The goal of the housing and investment agency is to promote, develop and preserve “decent, safe, affordable housing.” Yet it has been able to finance the construction of fewer than 10,000 affordable units through bonds and the city’s Affordable Housing Trust Fund since 2001. It’s clear that building our way out of the affordable-housing crisis is not a viable option. We must place the same priority on preserving existing affordable housing that we do on producing new ones.

The Ellis Act was a response to a state Supreme Court ruling that rejected a landlord’s claim that property owners have a constitutional right to evict tenants and exit the rental housing business. The Ellis Act ensured landlords that right.

Originally seen as protection for small mom-and-pop landlords who were unable to maintain their property, the Ellis Act is now frequently abused by speculators and developers whose main purpose is to acquire property, evict the tenants, demolish the rent-controlled units and replace them with high-priced luxury housing.

The recent eviction of 17 households at two properties in the Beverly Grove and Fairfax neighborhoods is one of the most egregious examples of this problem. The landlord of the properties is developer Matthew Jacobs, who is also chairman of the California Housing Finance Agency. What many find outrageous is that Jacobs heads the board of this state agency whose stated mission is to provide financing and programs that “create safe, decent and affordable-housing opportunities for low to moderate income Californians.”


As is the case with Jacobs, numerous analyses have found that most of the Ellis evictions come from landlords who have owned the property for less than a year.

The Los Angeles Times reported in 2014 that, “of the Los Angeles properties where owners filed to remove rent-controlled units under Ellis in 2013, at least 51% had been purchased within the previous year, according to an analysis of city data and property records tracked by real estate firm DataQuick.”

And though the Ellis Act has stripped local governments’ power to prohibit evictions, the statute clearly states that the Legislature’s intent was not to “interfere with local governmental authority over land use, including regulations on the conversion of existing housing to condominiums … or the demolition and redevelopment of residential property.”

The mayor and City Council could enact an ordinance that monitors existing affordable housing and sets an annual limit on the number of demolitions of rent-controlled units. The city could require new construction plans for rent-controlled properties to be approved before demolition permits are issued.

The city could also expand on AB 2222, the 2014 law that requires projects that get a “density bonus” to replace preexisting affordable units one-for-one. (These are projects in which a developer agrees to build a certain number of low-cost housing units in exchange for the opportunity to build more units than would otherwise be allowed.) The city could enact a regulation that applies this concept to projects seeking zone changes, removal of rent-controlled units or that receive government subsidies.

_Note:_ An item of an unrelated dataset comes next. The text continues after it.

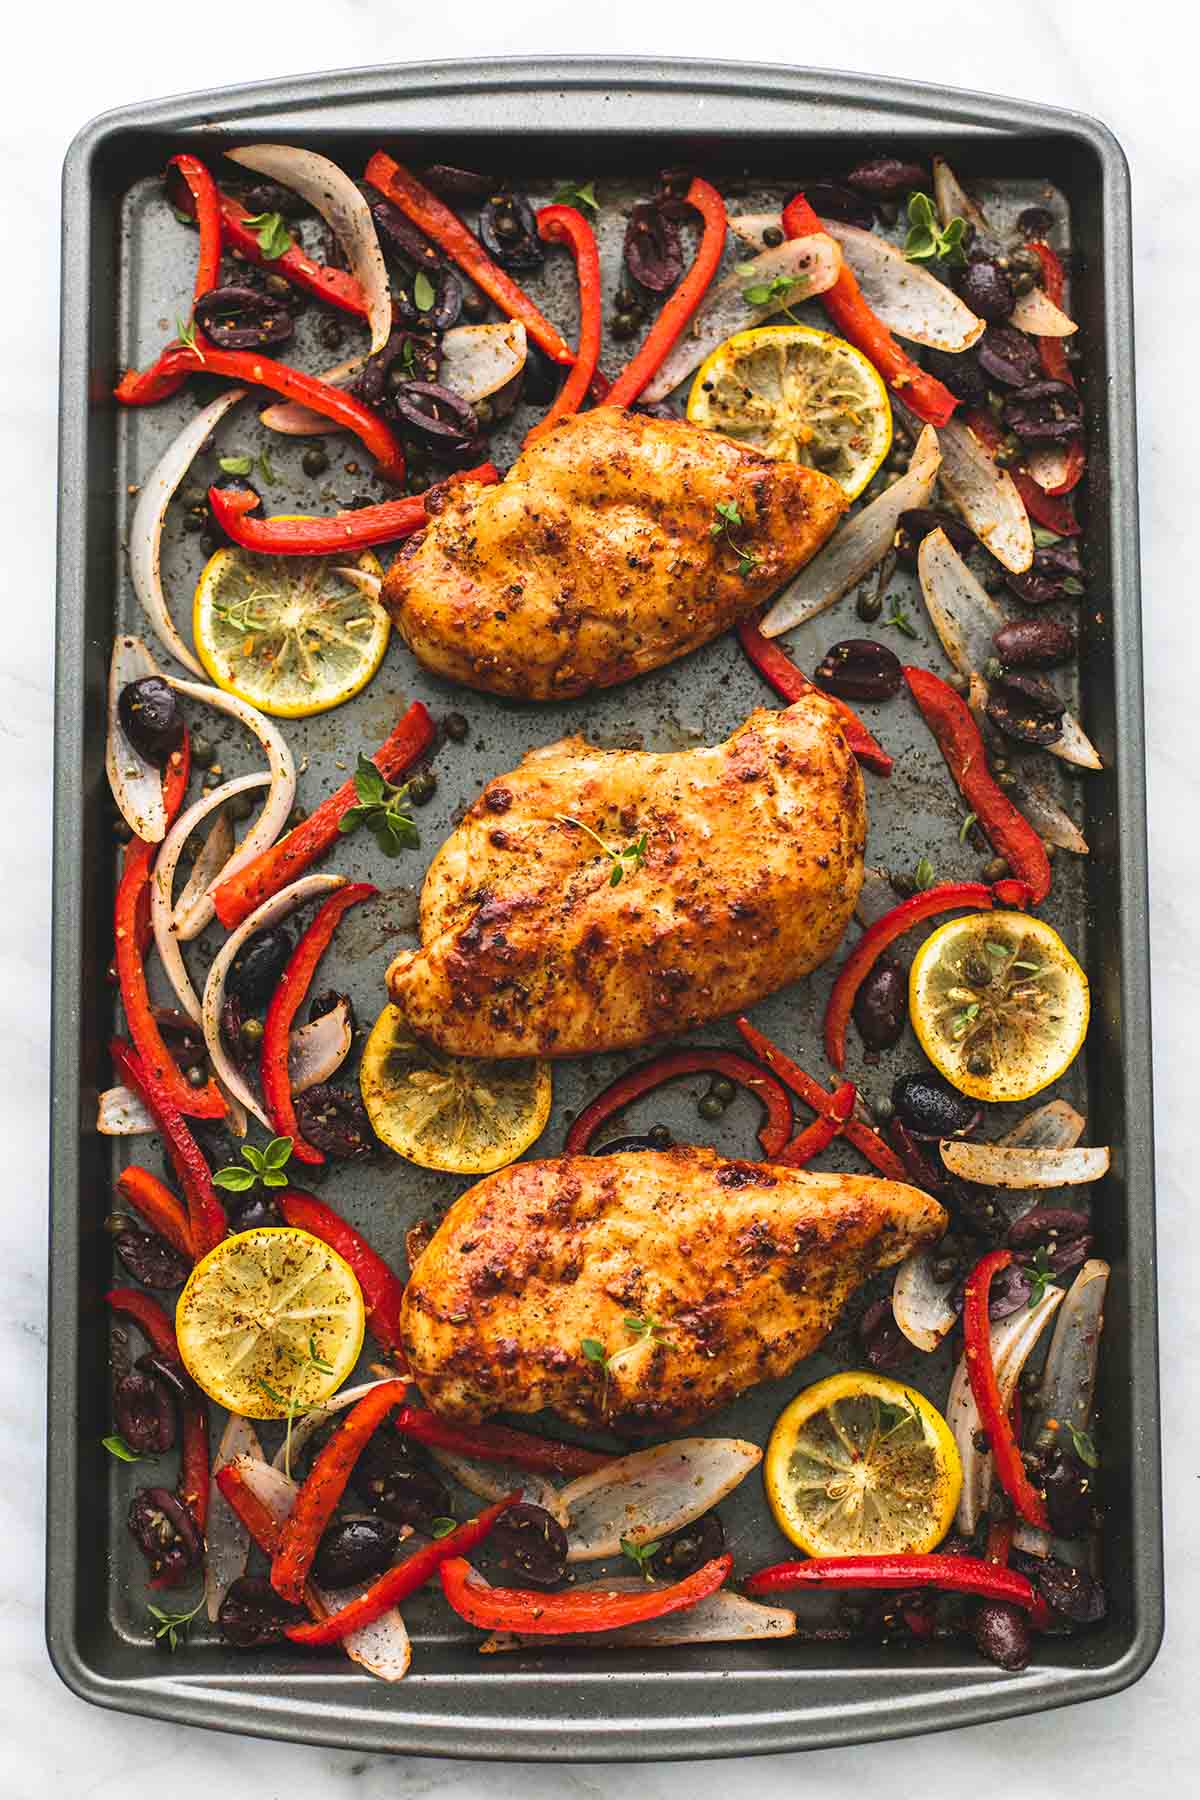 top view of baked Greek chicken sheet pan dinner on a baking sheet.

Ultimately, changing the Ellis Act has to happen at the state level and cover all cities, but it won’t be easy. State Sen. Mark Leno (D-San Francisco) has tried over the last two years to modestly amend the Ellis Act. His bills would have required new property owners to wait five years before they could invoke the Ellis Act, and they could only do it once. These reasonable reforms would have applied only to San Francisco, and they still lost. And, while his 2015 bill, SB 364, could be reconsidered in January, the prospects of it passing appear slim.


Our political leadership must develop some backbone and take on the powerful real estate/landlord lobby to stop the abuse of the Ellis Act. We are losing too much affordable housing, and too many tenants are losing their homes.

Larry Gross is the executive director of the Los Angeles-based Coalition For Economic Survival, which advocates for renters’ rights.